## ACTION ITEM
Keep the lines exact and the pictures out as you repeat the following listing.

## DATASET SECTION
★ ★ ★ ★ ★

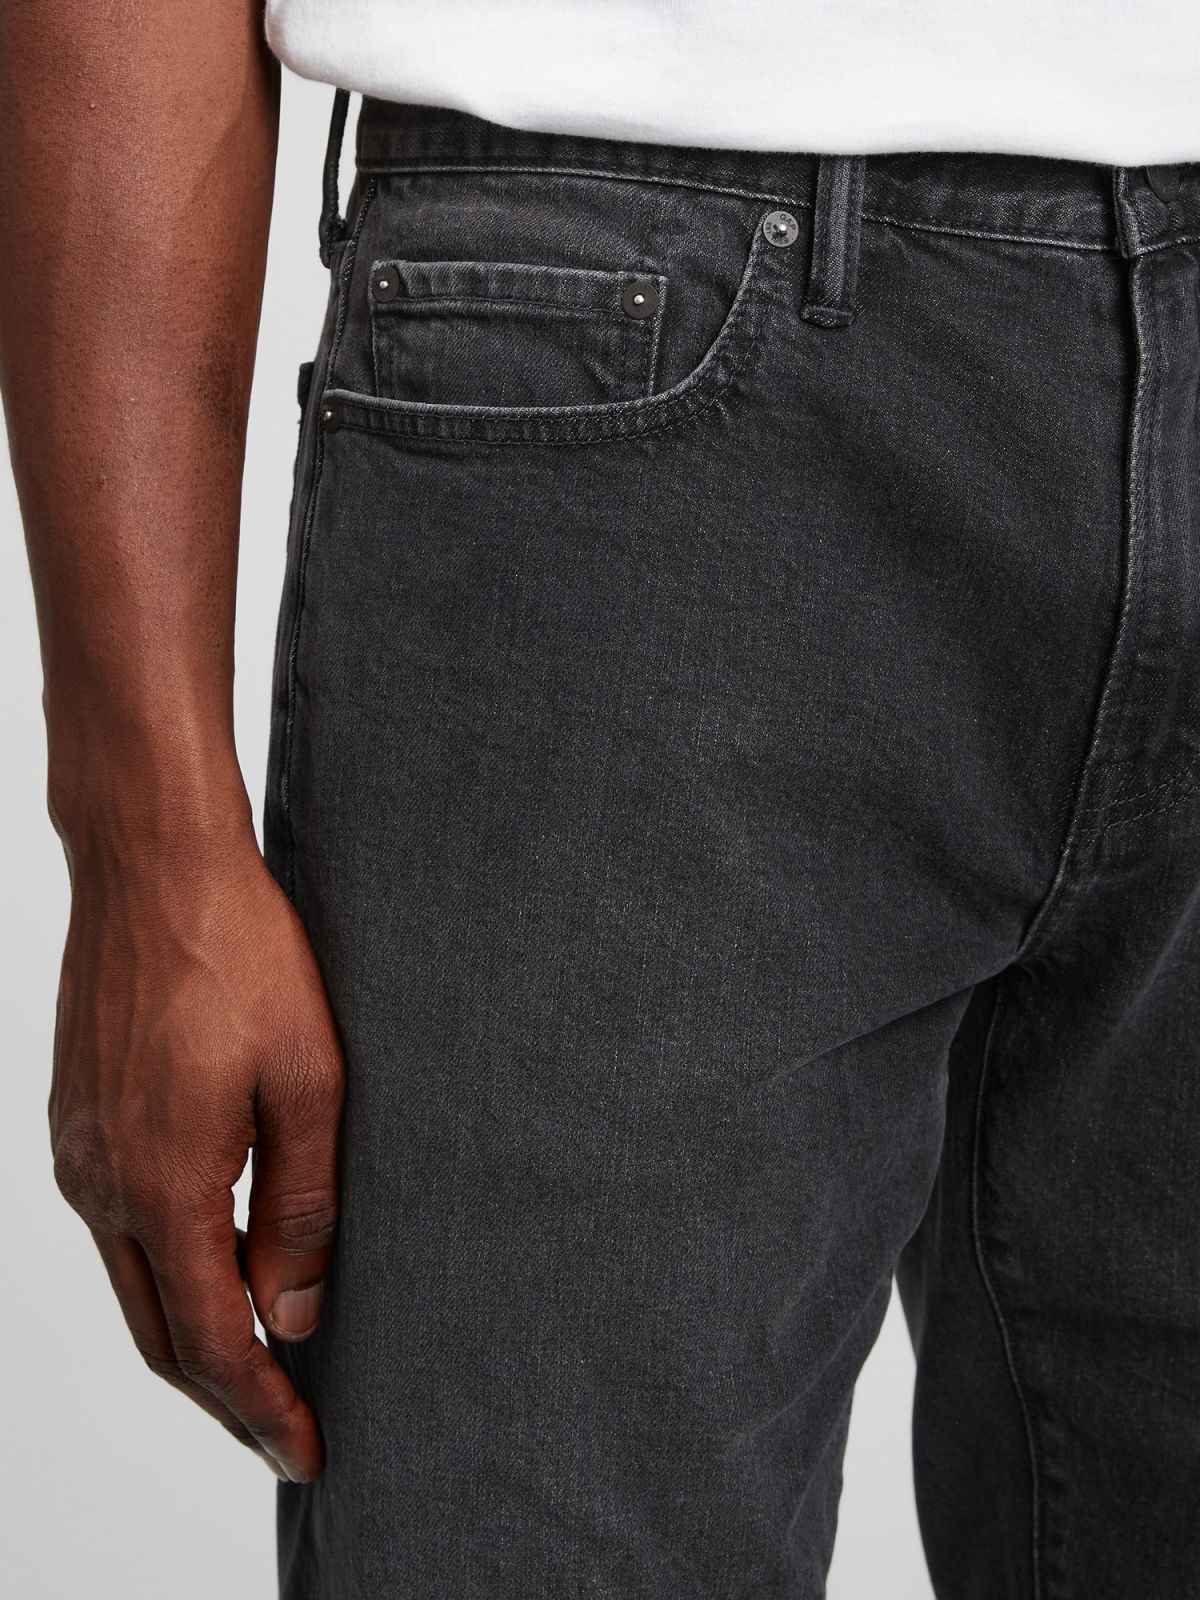  ג'ינס בייסיק בגזרה ישרה של GAP
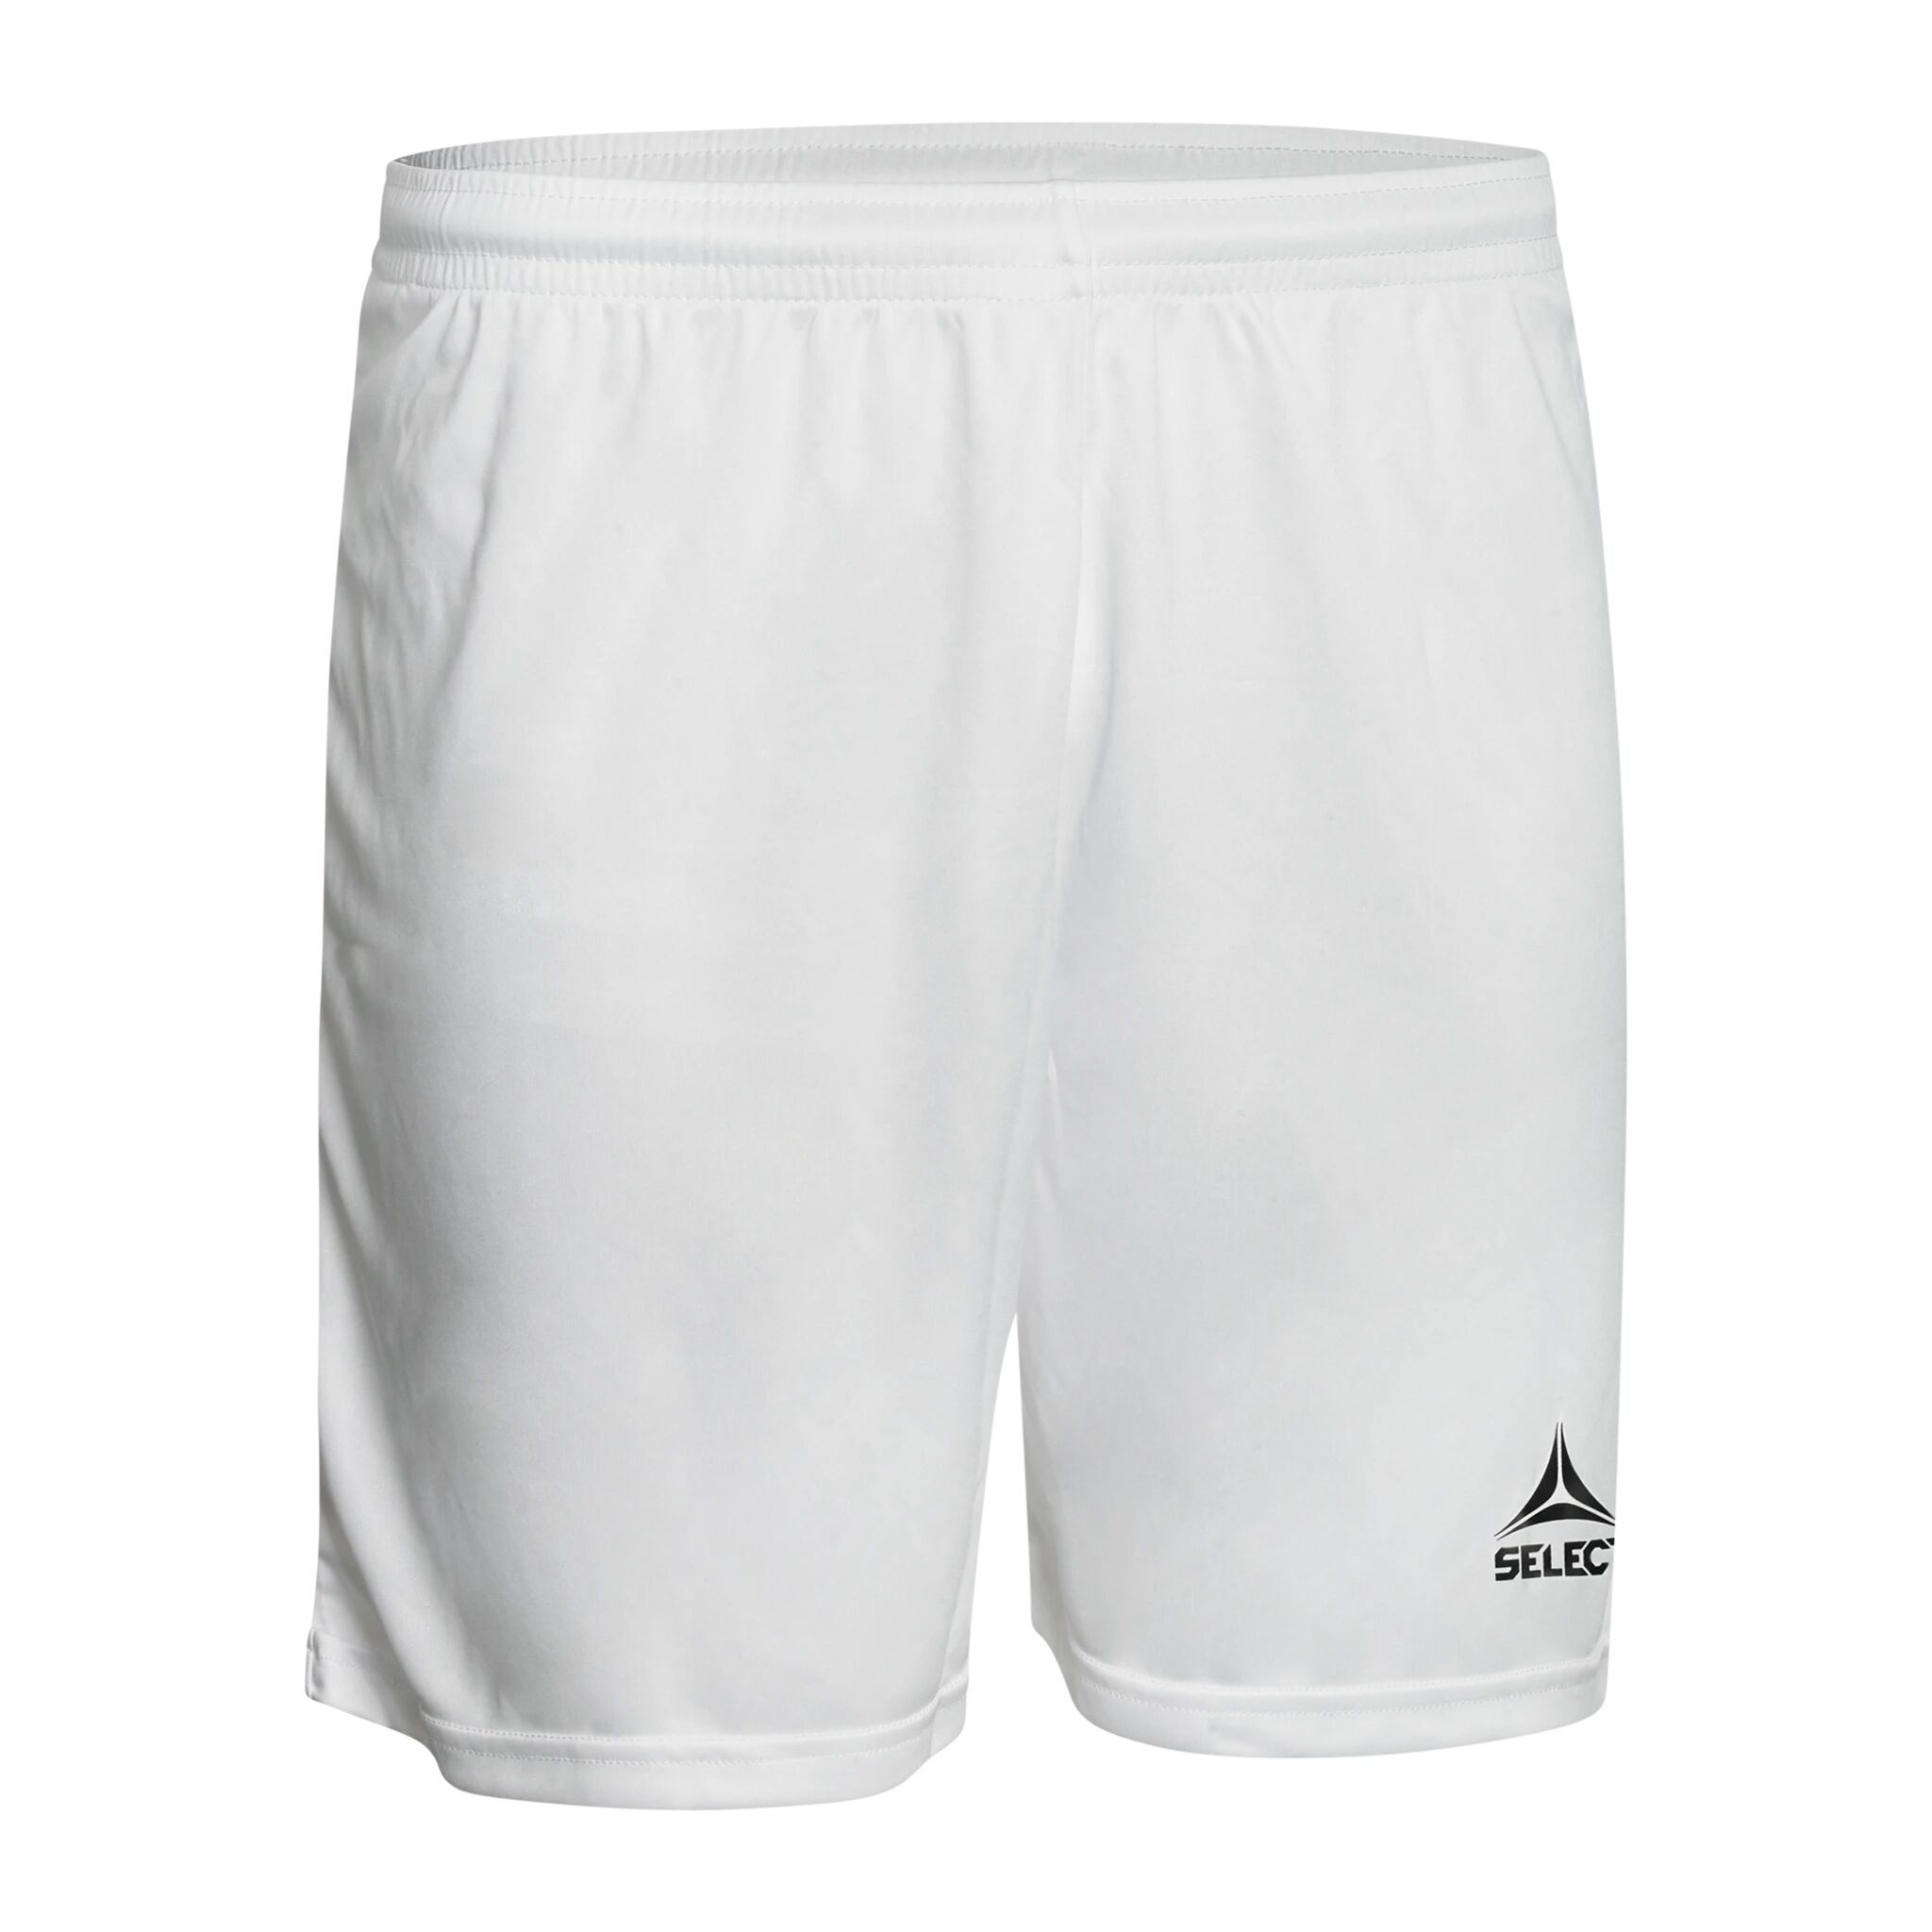 Select Player shorts Pisa, shorts senior 152 White
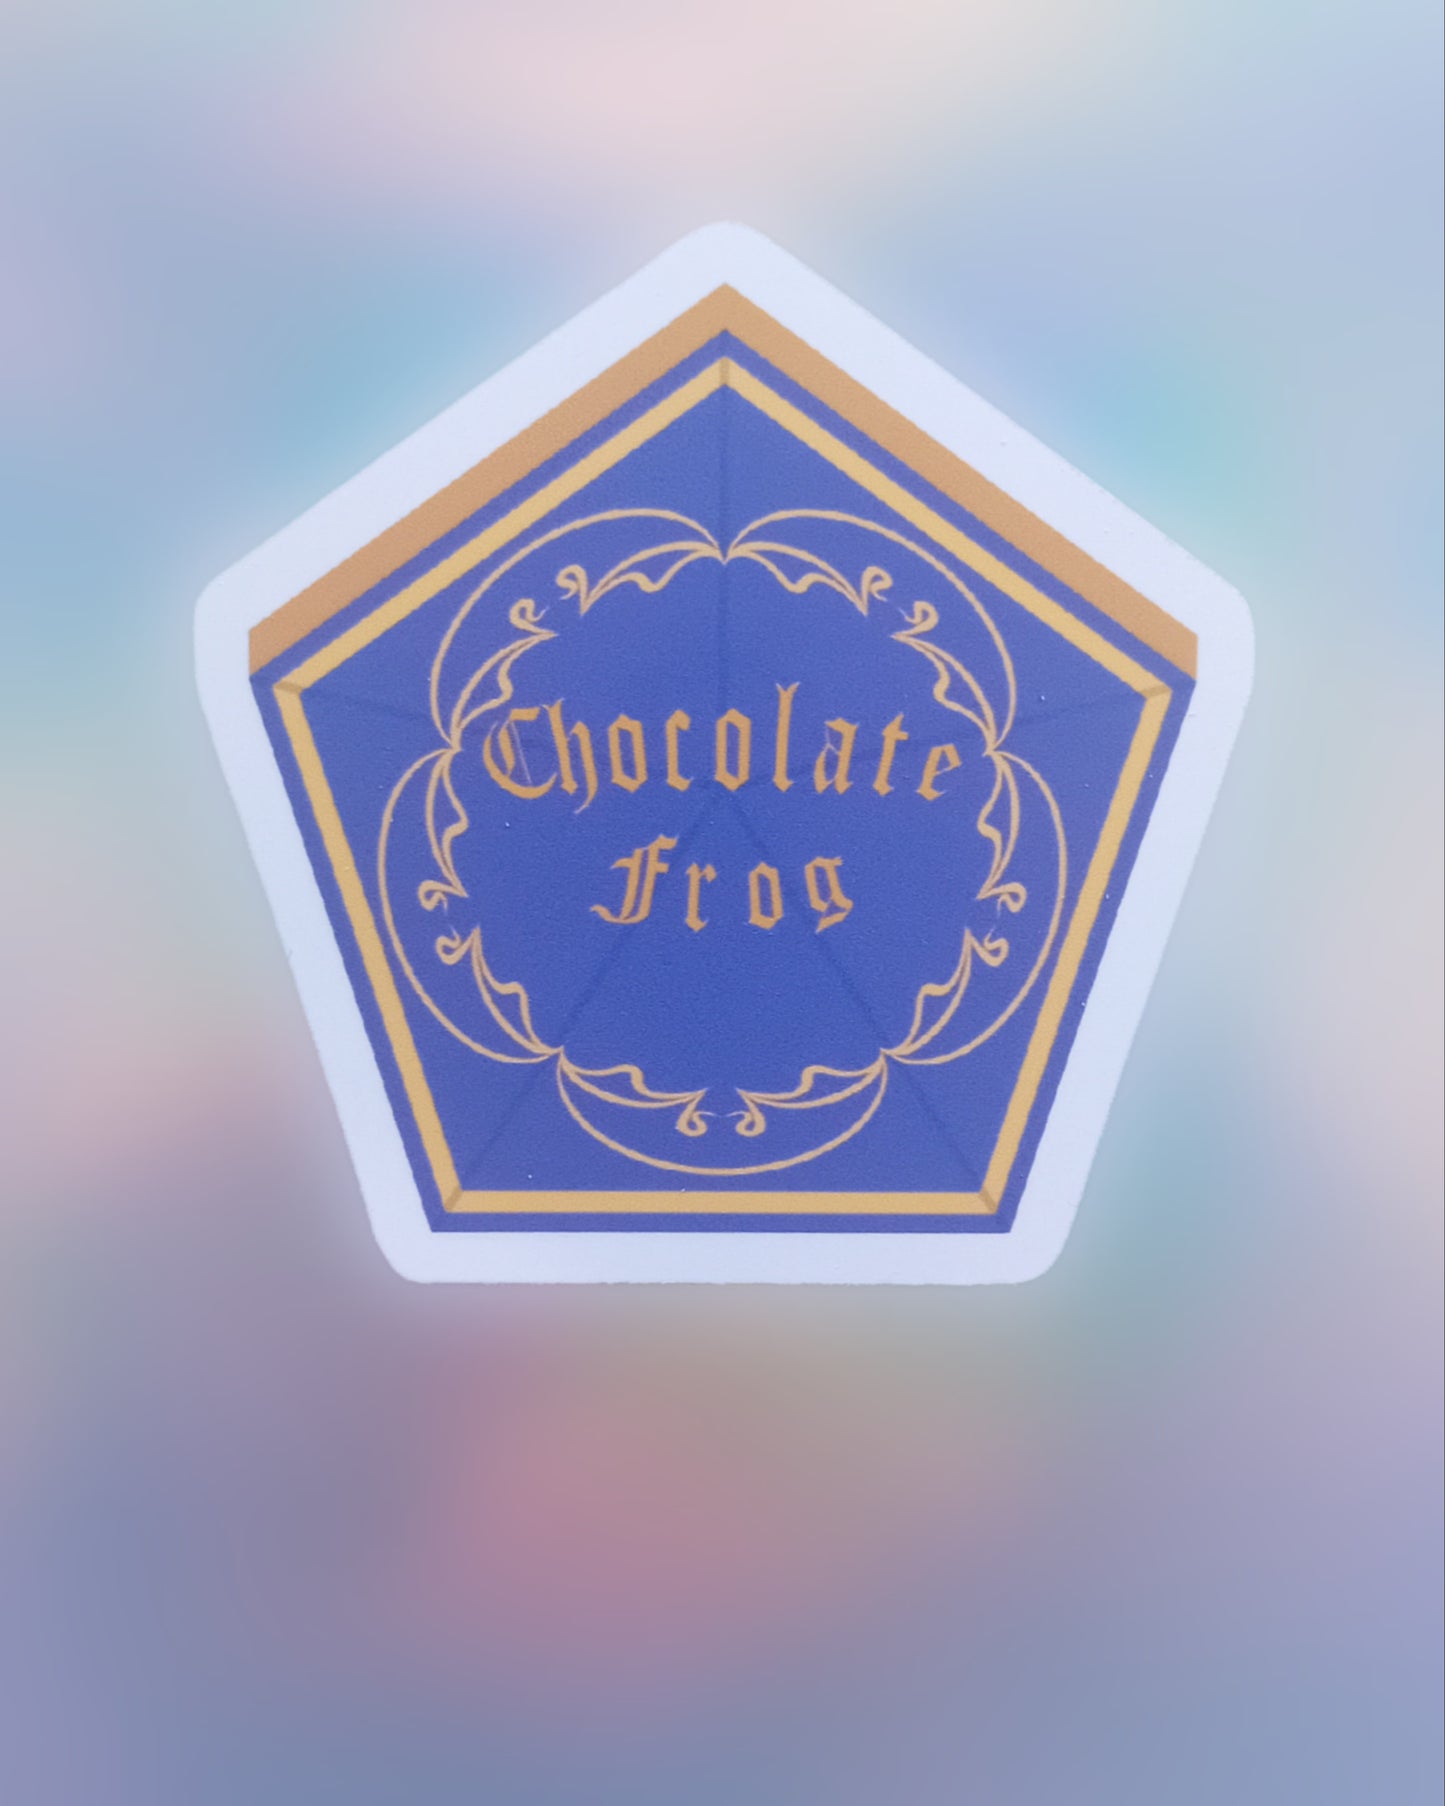 Fan Club Chocolate Frog Vinyl Sticker

★ ★ ★ ★ ★

## EXPECTED ANSWER
  ג'ינס בייסיק בגזרה ישרה של GAP
 Select Player shorts Pisa, shorts senior 152 White
 Fan Club Chocolate Frog Vinyl Sticker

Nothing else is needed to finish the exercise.